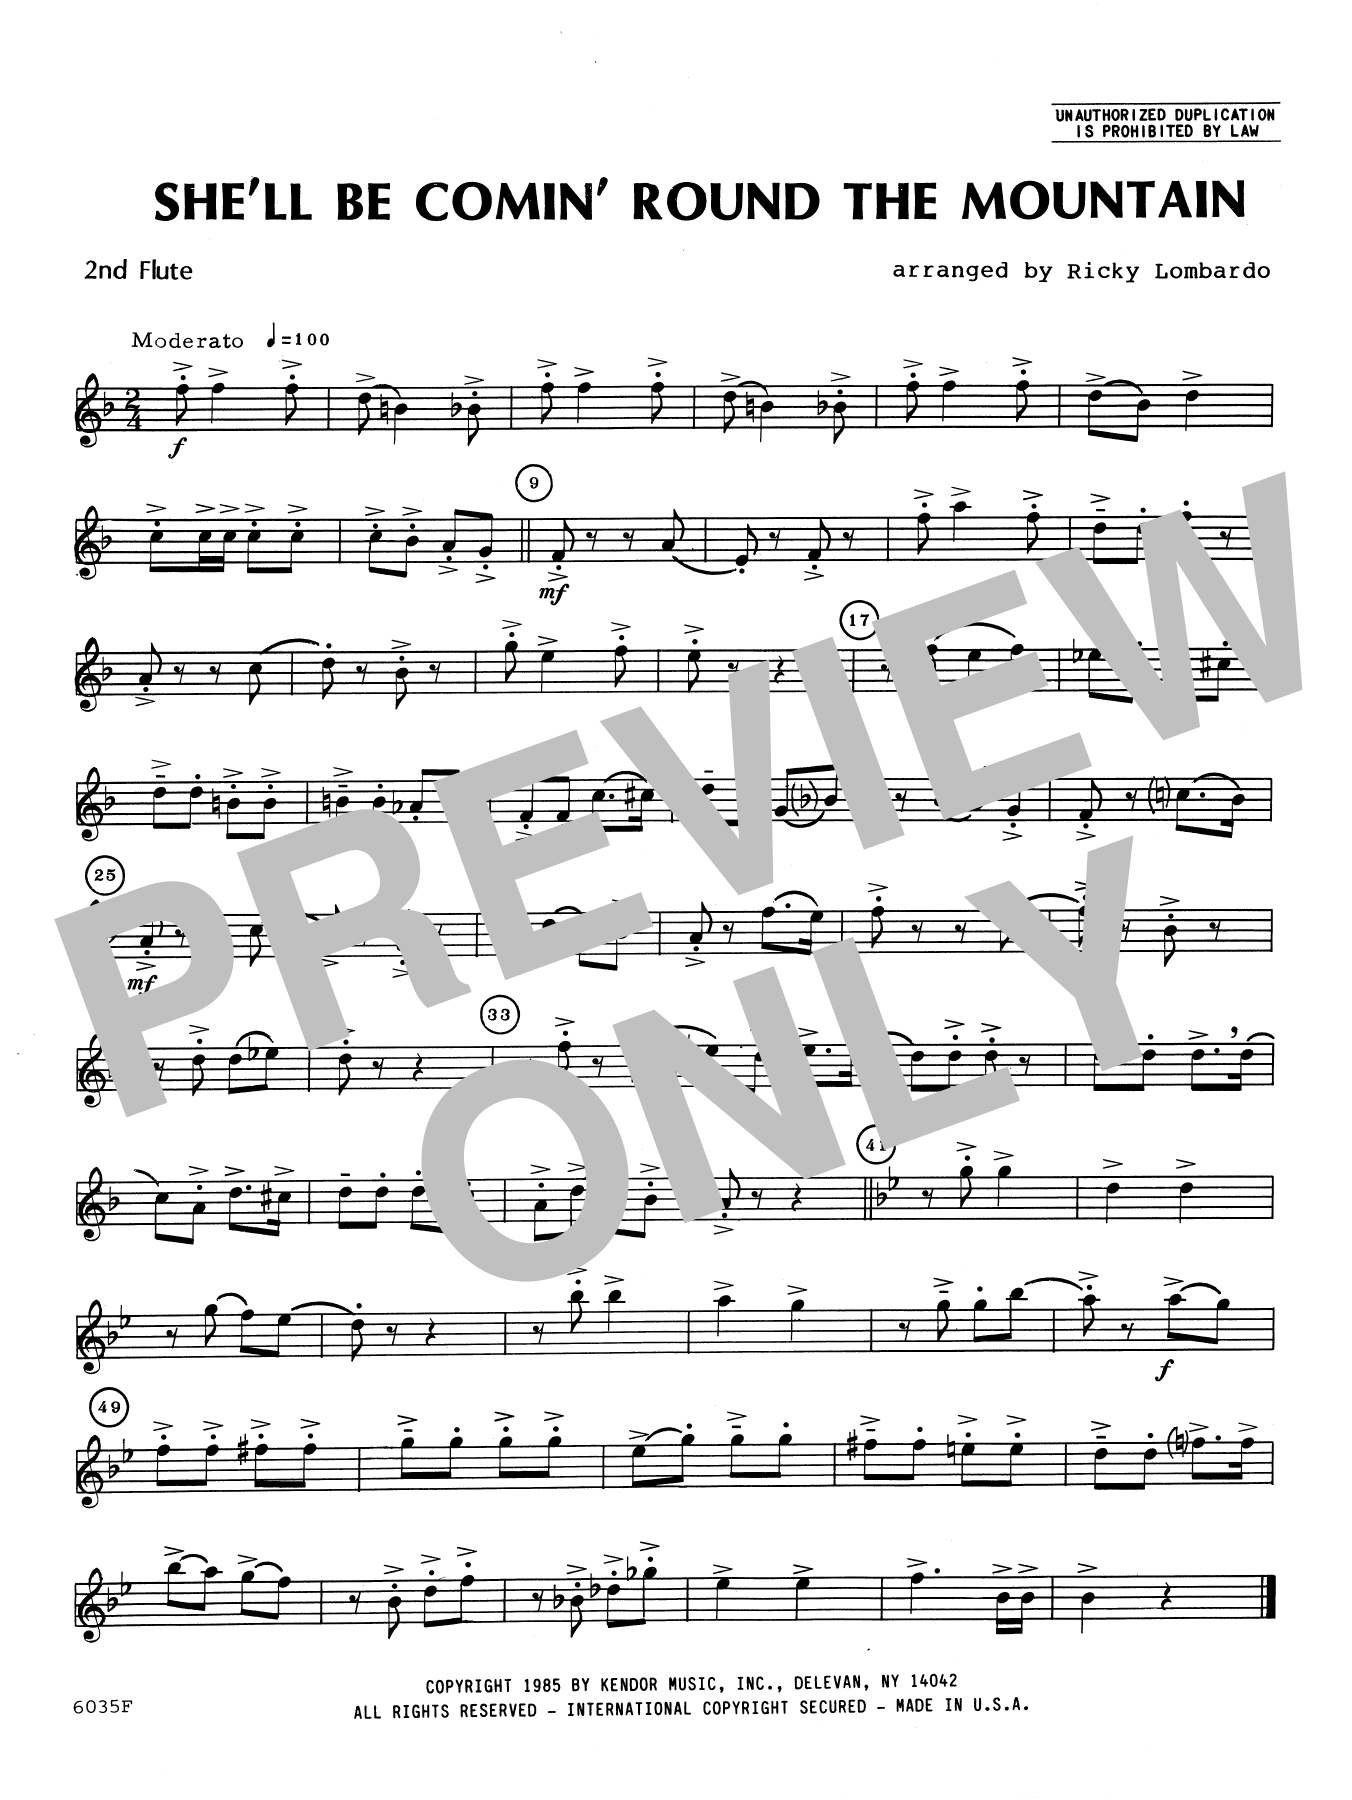 Download Ricky Lombardo She'll Be Comin' Round the Mountain - 2 Sheet Music
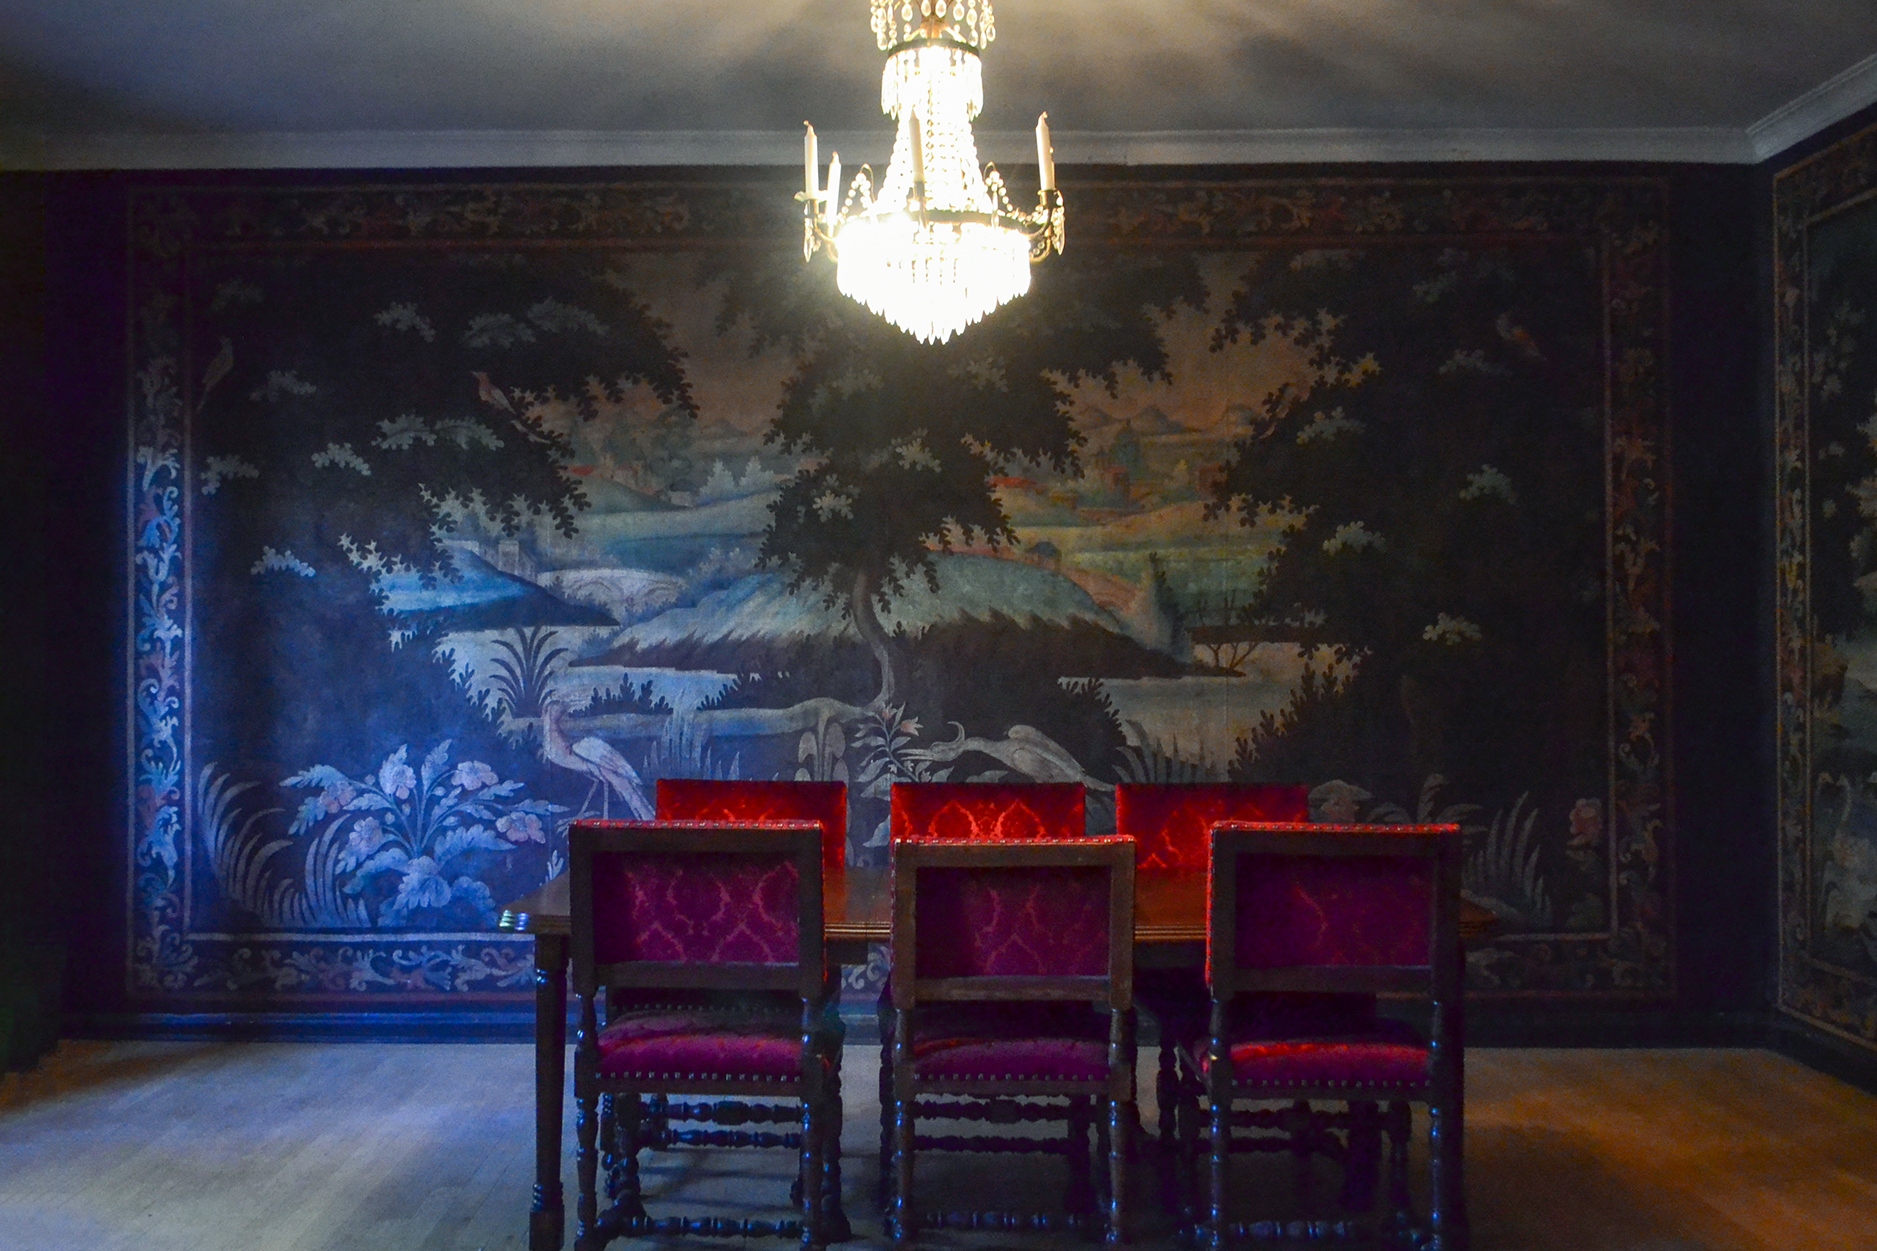 A picture of Italiarummet at Gathenhielmska Huset. Six red chairs, a table and a chandelier. The tapestries on the walls are from Northern Italy and depict an island scene in blues and greens.
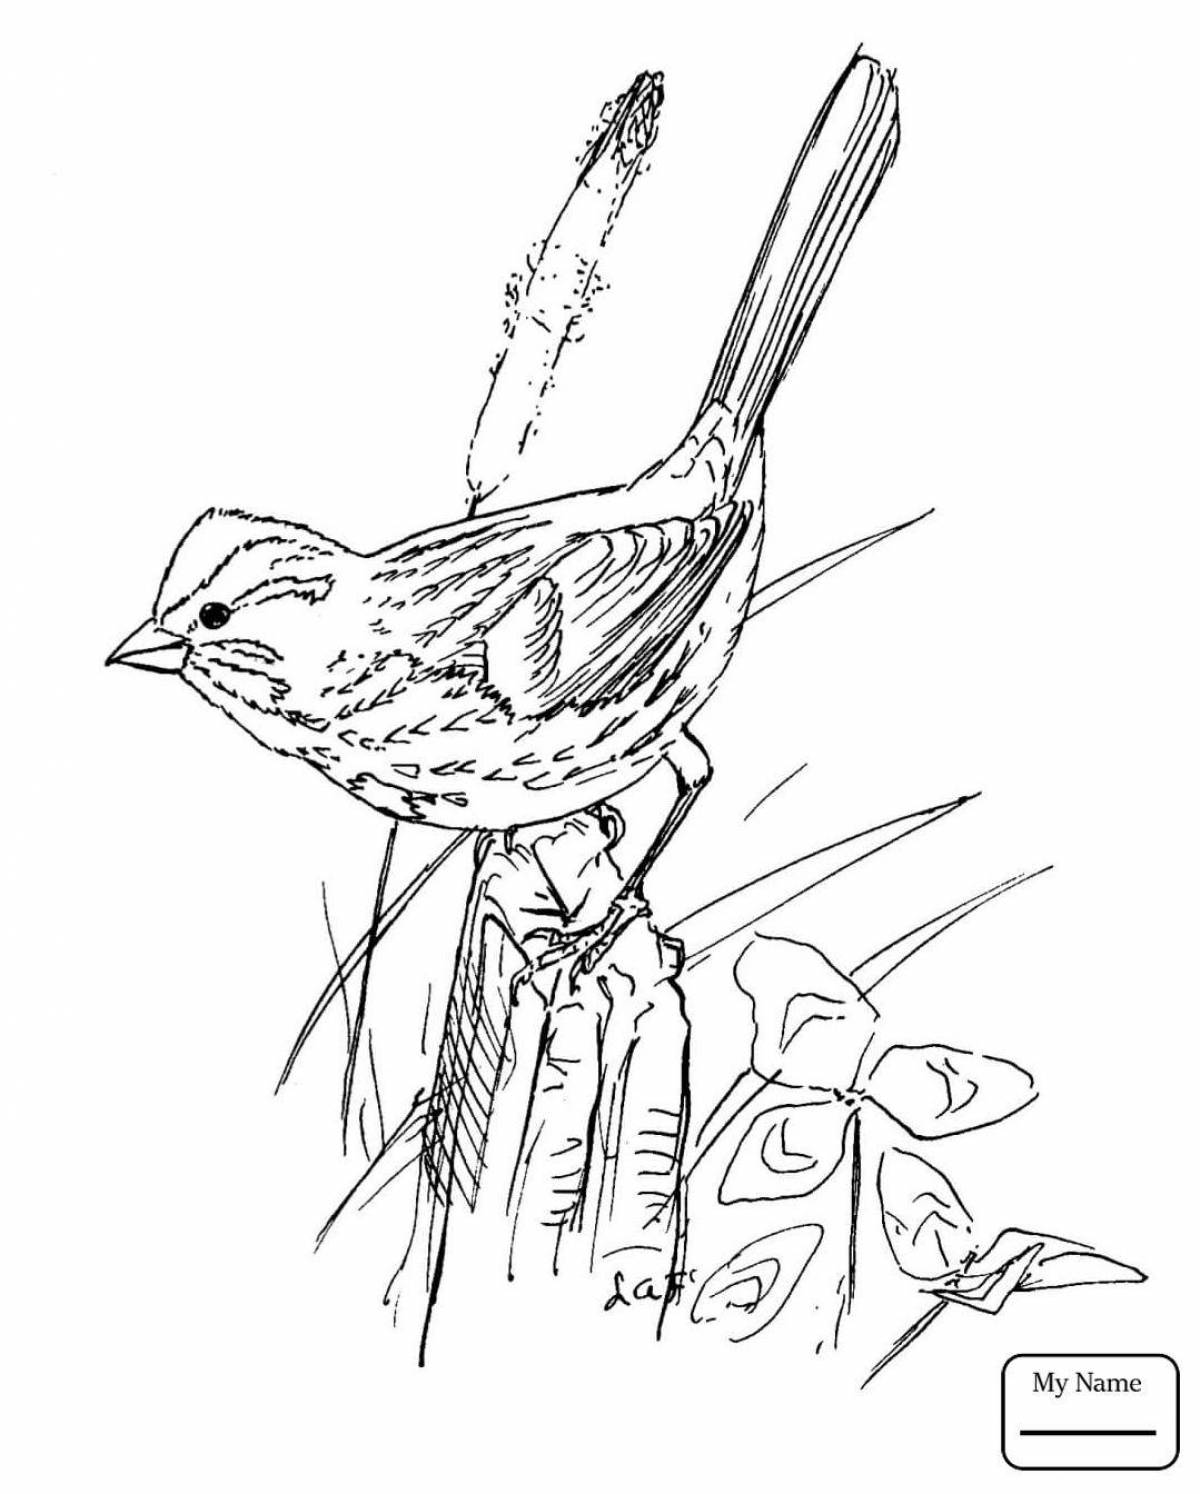 Artistic drawing of a ruffled sparrow

----

Without the pictures, repeat the listing above exactly.

» WRITTEN ANSWER
 Download Ricky Lombardo She'll Be Comin' Round the Mountain - 2 Sheet Music
 A picture of Italiarummet at Gathenhielmska Huset. Six red chairs, a table and a chandelier. The tapestries on the walls are from Northern Italy and depict an island scene in blues and greens.
 Artistic drawing of a ruffled sparrow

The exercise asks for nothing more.